The detective walked on to the crime scene,
eyes teary from the smell of rotten cabbage.
She scanned the piles of brown and green
before focusing on the human damage.
The victim was young, tall and lean;
his prime stolen by some sinister savage.
“Probably between ten and thirteen,”
said the M.E., “Looks like a 12-gauge.”
The detective returned the M.E.’s glance
and saw the words he was slow to tell.
“Yes, it is,” he threw up his hands.
“Another dead by the Killer of the Carousel.”

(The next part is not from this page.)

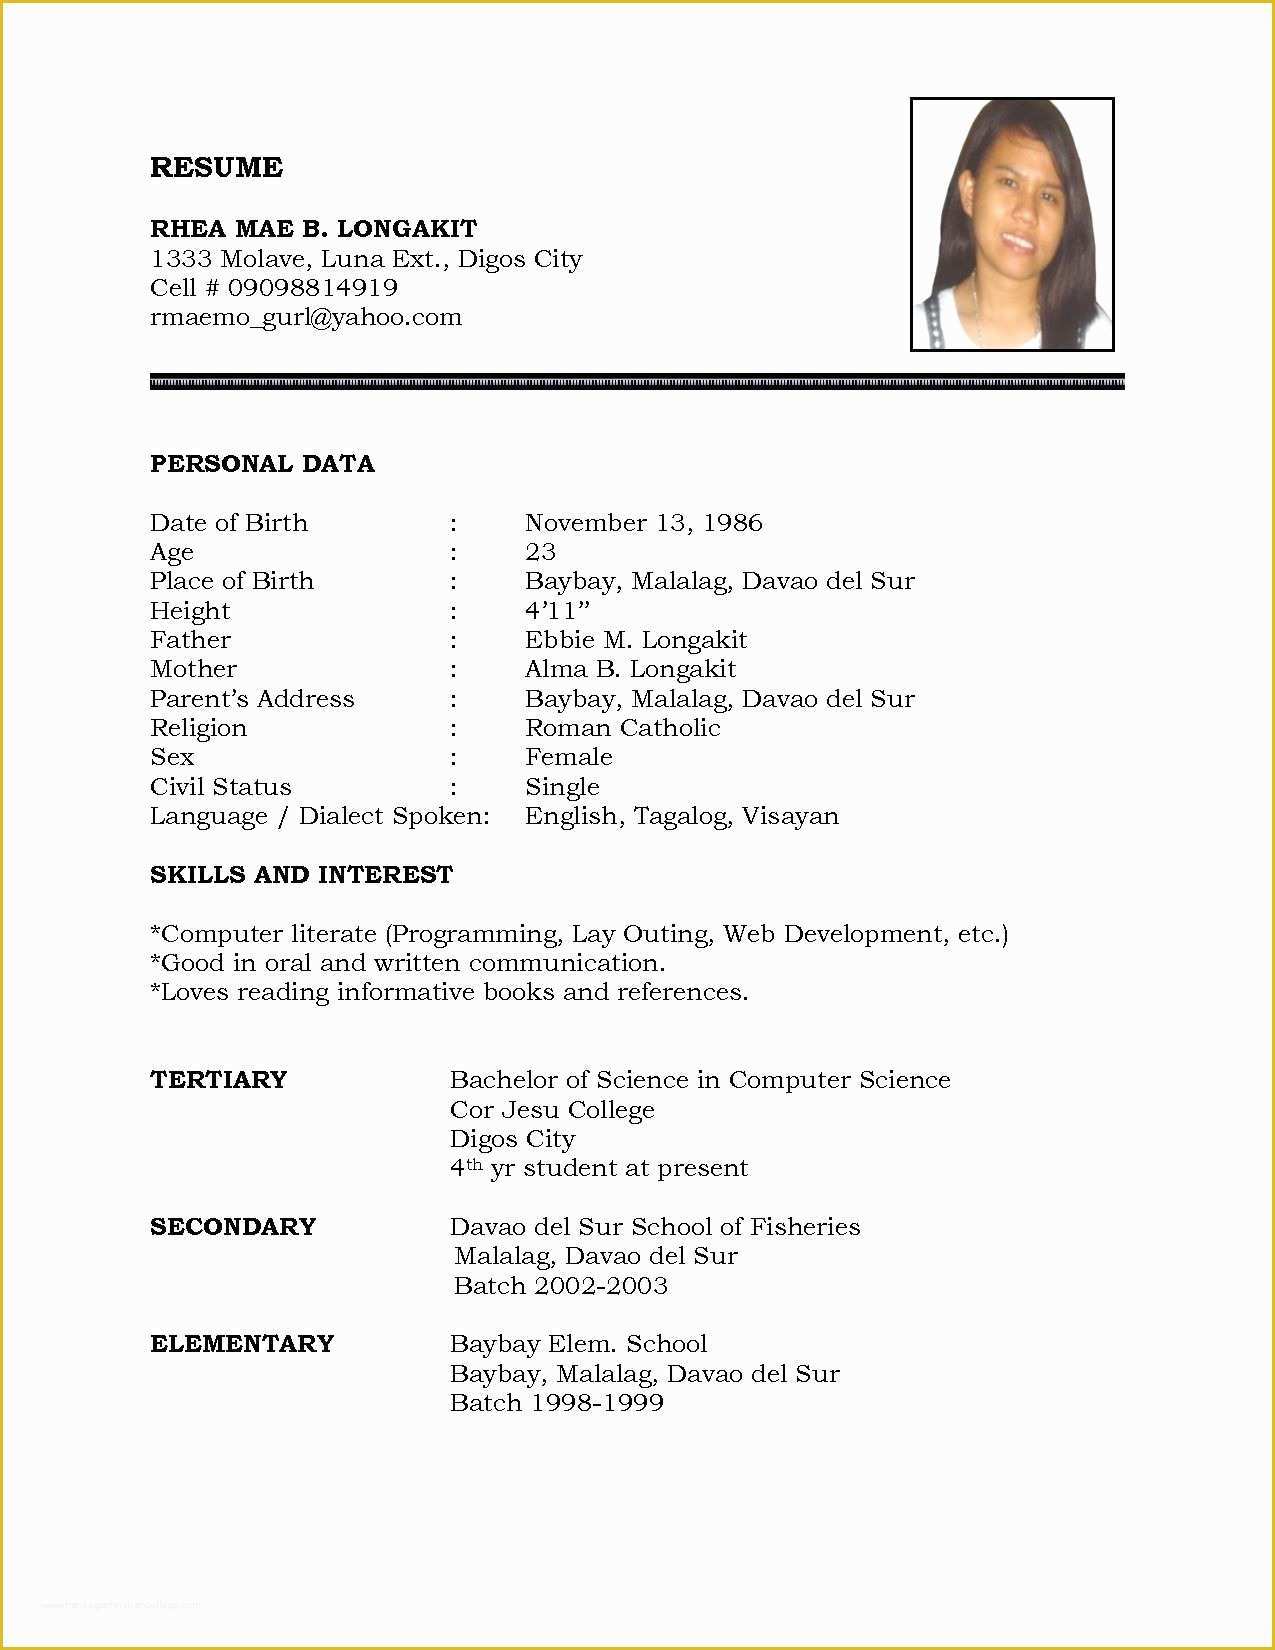 easy-resume-template-free-of-resume-sample-simple-de9e2a60f-the-simple

She closed her eyes and tightened her stance,
inhaled deeply, preparing for hell.
“I’d hoped it was over, this ritual dance,
but now I see it will never end well.”
Twenty years ago, she had caught a fresh case,
a death at a carnival, her first painful shock.

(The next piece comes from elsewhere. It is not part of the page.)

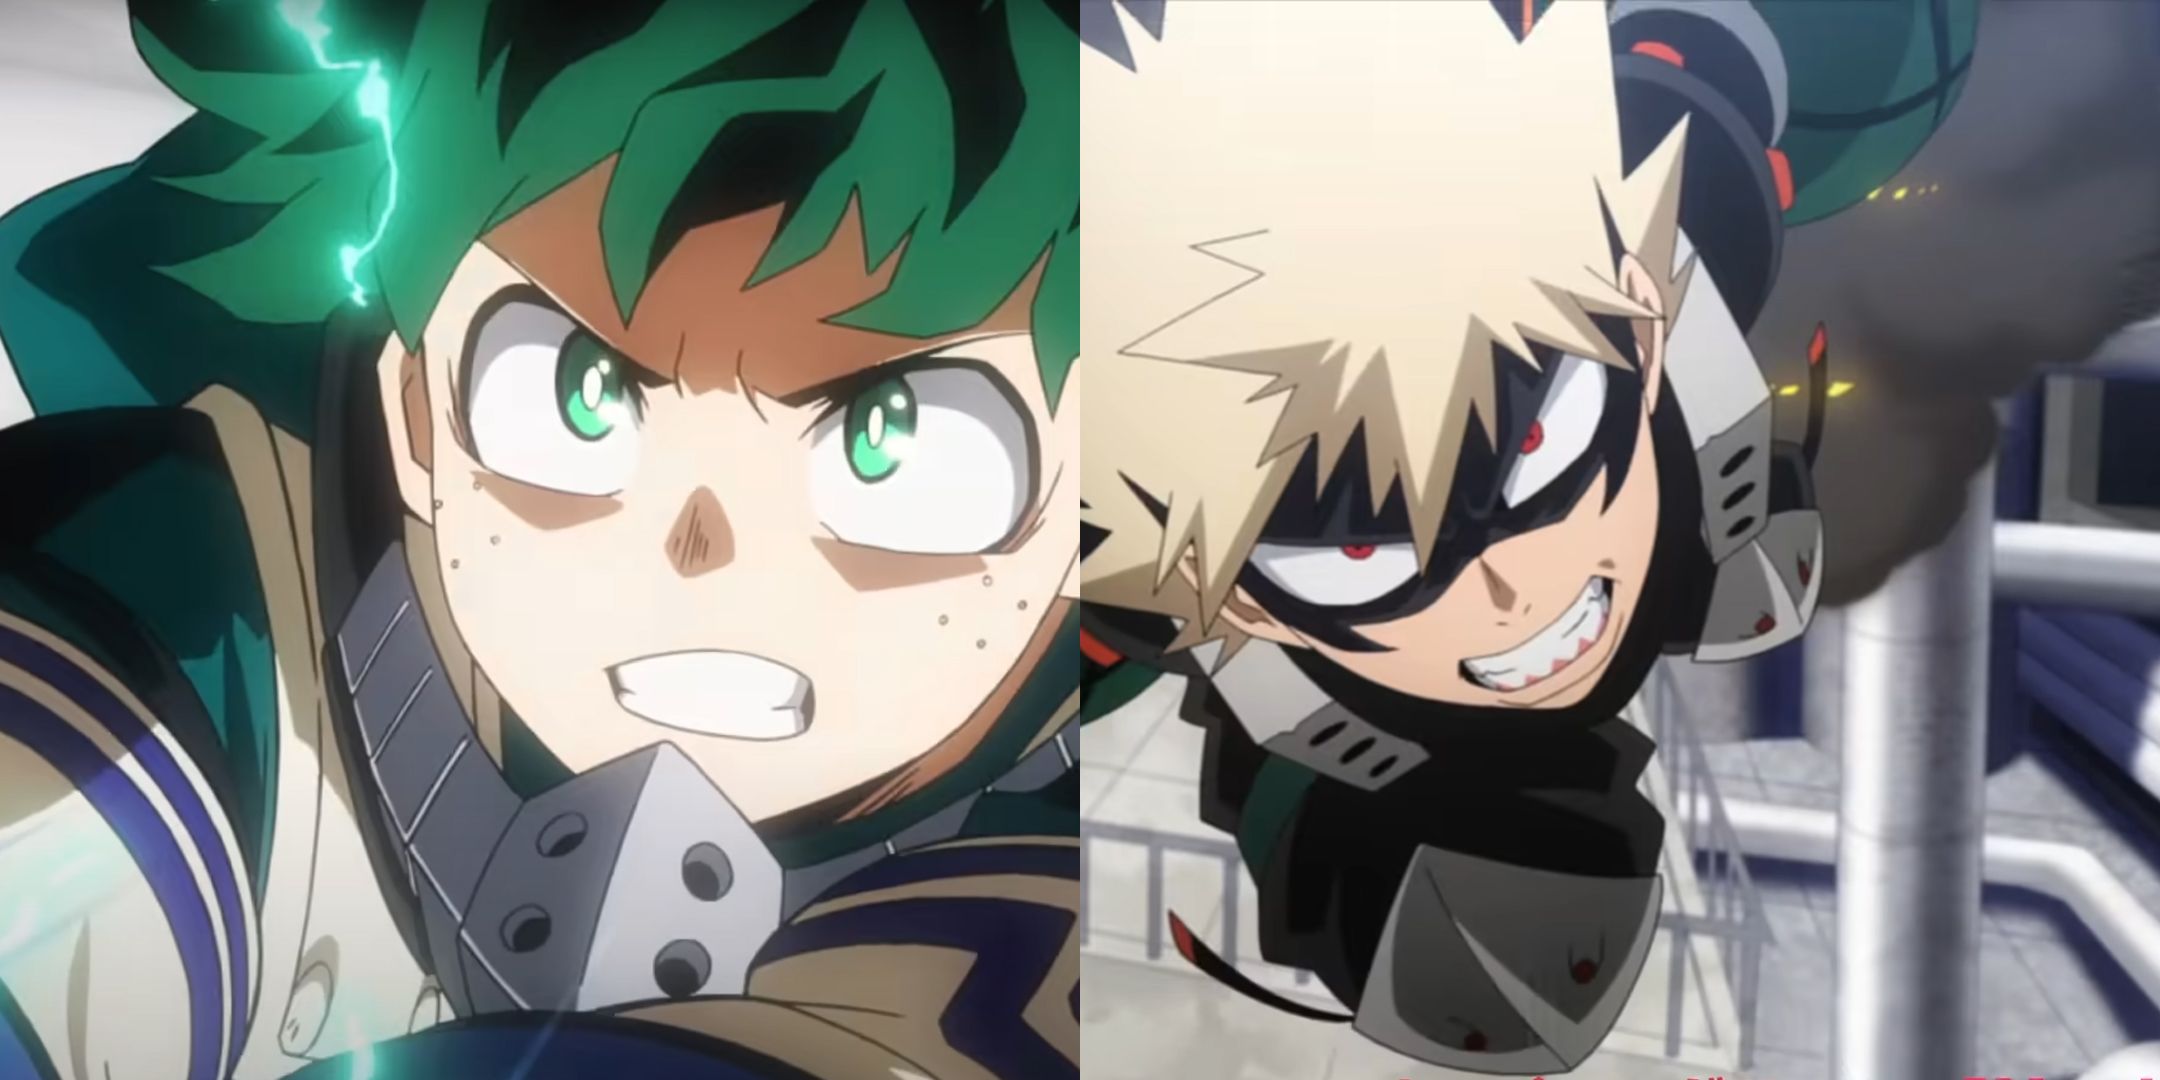 Deku and Bakugo being the inspirations of Class 1-A

One memory the detective could never erase
was the shape of the body painted in chalk.
Back then it was a girl, all pig-tails and lace.

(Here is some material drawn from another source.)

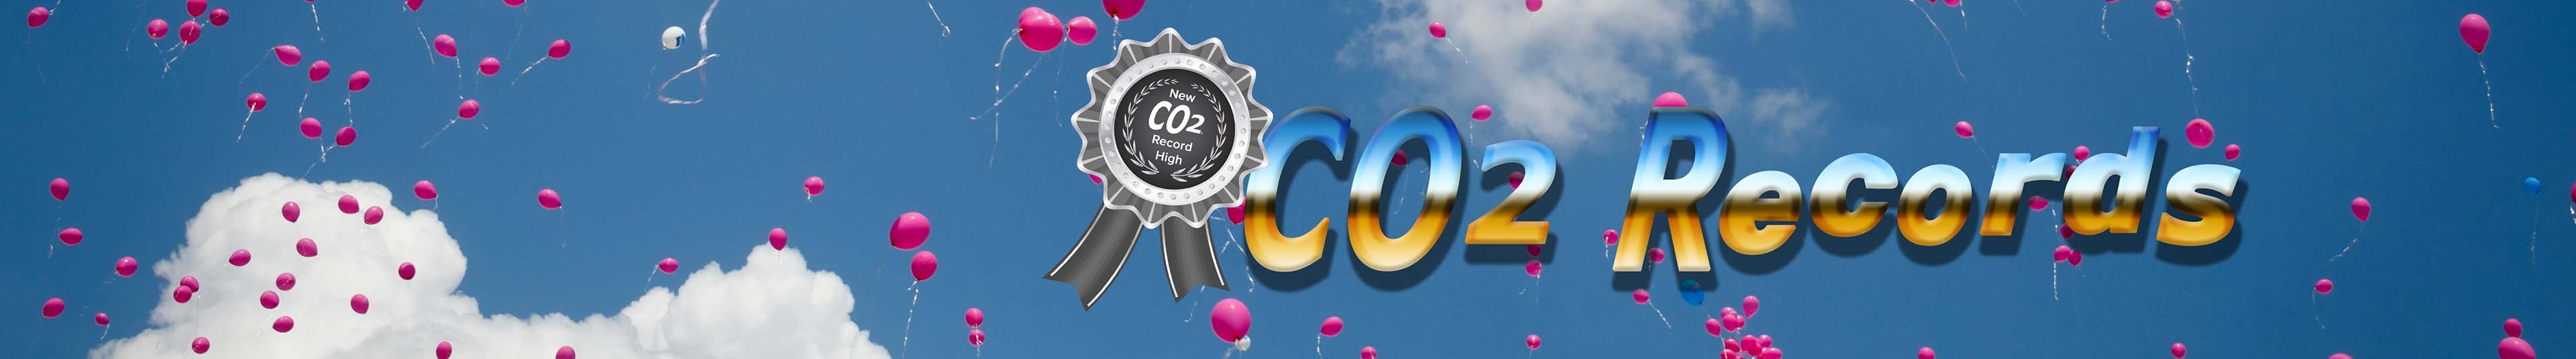 co2 aarde co2 records banner

“Nothing prepares you, no lecture, no talk,”
her Captain had told her, giving her space.
“This grief, this path, you alone must walk.”
The media coverage was constant and bleak -
murder and gore, a ratings sensation.
More victims were taken week after week,
pulling her into a black hole of fixation.
When a roguish reporter made her misspeak,
that odd nickname was born from total frustration,
and vaulted her prey to an infamous peak -
a star in the serial killers’ constellation.
No evidence, no clues, no traces were left.
No connections were made, the killings were random.
The detective received letters, mysterious and deft,
that promised an answer if she solved a conundrum:
“What remains of the lover’s heart once cleft?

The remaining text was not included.